= Data Protection (Jersey) Law =

The Data Protection (Jersey) Law 2018 is an information privacy law in the Crown Dependency of the Bailiwick of Jersey, one of the Channel Islands. The latest version is 2018, updating the previous law from 2005 to mirror the General Data Protection Regulation (GDPR). It was adopted on 25 May 2018.

==The law==

Eight Principles Data must be...
1. fairly and lawfully processed
2. processed for one or more specified and lawful purposes
3. adequate, relevant and not excessive
4. accurate and up to date
5. not kept longer than necessary
6. processed in accordance with the individual’s rights
7. kept safe and secure
8. not transferred to countries outside European Economic area unless country has adequate protection for the individual.
— 2006 Annual Report of the Jersey Office of Data Protection Commissioner

Rights of Individuals
- Rights of access
- Rights to prevent processing
- Rights to prevent processing for direct marketing
- Rights in relation to automated decision-taking
- Right to seek compensation
- Rights to have inaccurate information corrected
- Right to complain to the Commissioner
— 2006 Annual Report of the Jersey Office of the Data Protection Commissioner

The law implements the European Data Protection Directive of 24 October 1995, which concerns the "protection of individuals with regard to the processing of personal data and on the free movement of such data". These include restrictions on the gathering, collection, and use of personal data, as well as forcing data collectors to let individuals know how their data has been used. Gatherers of data are called "data controllers" and must register with the Data Protection Commissioner and pay a yearly fee. The law also contains numerous exemptions for journalism, crime investigation, &c. Other Crown dependencies like Guernsey and the Isle of Man have similar laws. The 2005 law was modelled from the UK's Data Protection Act 1998. These laws can all trace lineage back to the European Directive on Data Protection, 95/EC/46 of 1995 and the Council of Europe's European Convention 108, passed in 1981.
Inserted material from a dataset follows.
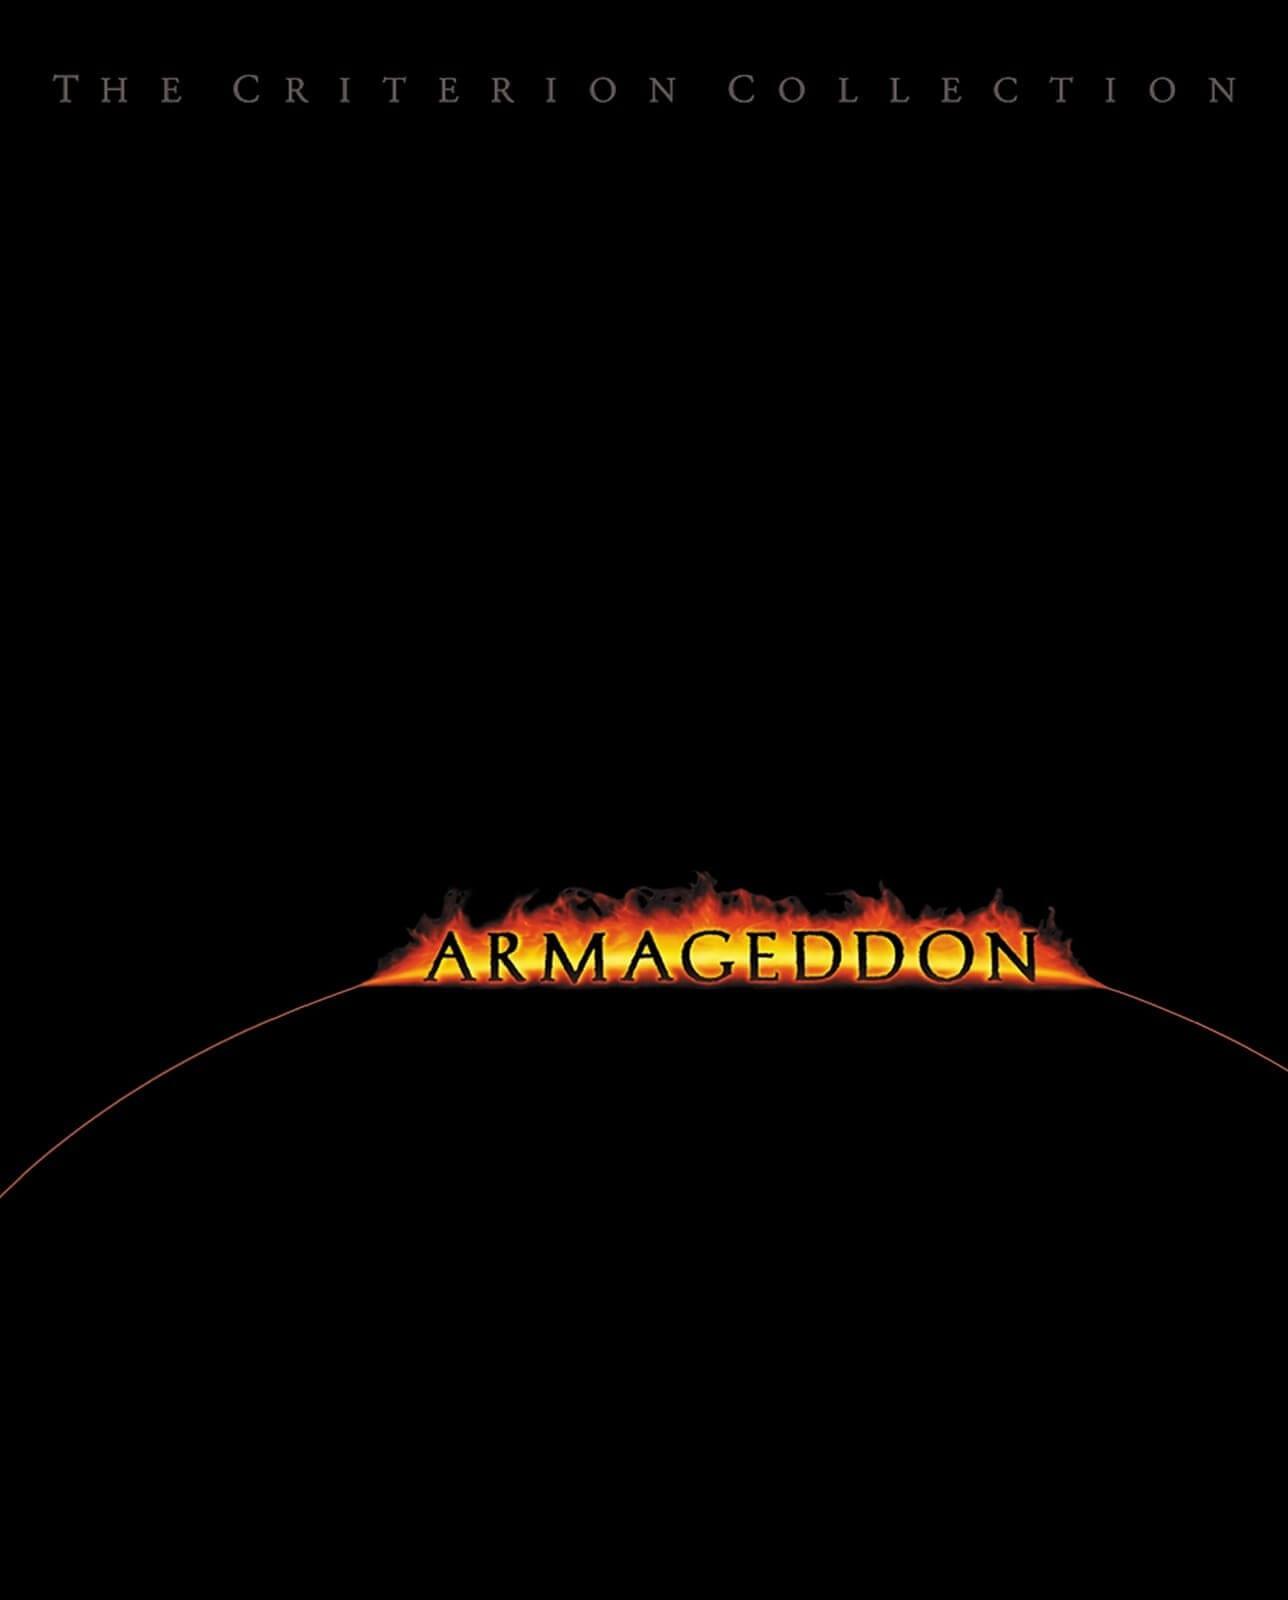 Armageddon movie cover

The 2005 overhaul of the Data Protection laws was prompted by the aforementioned Data Protection Directive. It restricted the transmission of protected data to countries outside of the European Economic Area unless they had been certified as having 'adequacy' in their own data protection laws. Jersey is considered outside of the European Economic Area, and its 1987 Data Protection law was not adequate, so the restrictions could have harmed Jersey's financial services industry. (Jersey is a major international offshore financial centre and tax haven) In 2008, Jersey achieved 'adequacy status' under the EU rules.

Jersey's law is modified to suit this finance industry. One such modification exempts trusts from the law so that they can use the personal information of beneficiaries of the trust without having to disclose certain details of the usage to the beneficiary. This modification was accomplished through a revision called the "Subject Access Exemptions" in 2005.

The main office of the law is the Data Protection Commissioner (before 2005, called the Data Protection Registrar). The commissioner for the first several years of the law was Emma Martins There is also a Data Protection Tribunal. In 2011 an attempt was made to unify the Commission of Guernsey with that of Jersey so that one Commissioner office would serve both Channel Islands.

==Notable cases==
In 2007 charity groups had to change the way they operated the Jersey Christmas Appeal because they kept a list of the families who were nominated to receive vouchers for food, toys, fuel, and other needs during the holidays. The beneficiaries had to send in signed forms agreeing to be on the list.

The law has been used at least two times against Jersey politicians.

In 2009, Jersey Senator Stuart Syvret was arrested on charges of violating the law after he blogged an old 1999 police report on a suspected serial killer and rapist Nurse that included the suspect's name. The police investigation had been abandoned for lack of evidence and Syvret had at first accepted this. However over the years Syvret came to believe the government of Jersey was incompetent and corrupt, especially after his experiences as Health Minister during the Jersey child abuse investigation 2008. He came to believe that the "Nurse M" (or "Nurse X" in court documents) investigation had been incomplete, that the suspect was still dangerous. This was his alleged motivation for blogging the suspects name in 2009. At trial he argued that his actions fell under the exemptions of the Law, but the Magistrate rejected this. In November 2010 he was convicted of violating Articles 17, 21, and 55 of the Data Protection Law and sentenced to 10 weeks imprisonment and a fine. Assistant Magistrate Bridget Shaw gave the analysis and opinion:

"he must have caused distress to X and his family and risked provoking violence either by or
against X. The defendant also risked causing great distress to relatives of the deceased. In my opinion this was done to create a totally unfounded scandal to undermine public confidence in the administration of justice."

In 2011, Saint Brélade Deputy and Housing Minister Sean Power was forced to resign after he forwarded an email he pulled off a printer in the States Building. The email discussed Syvret.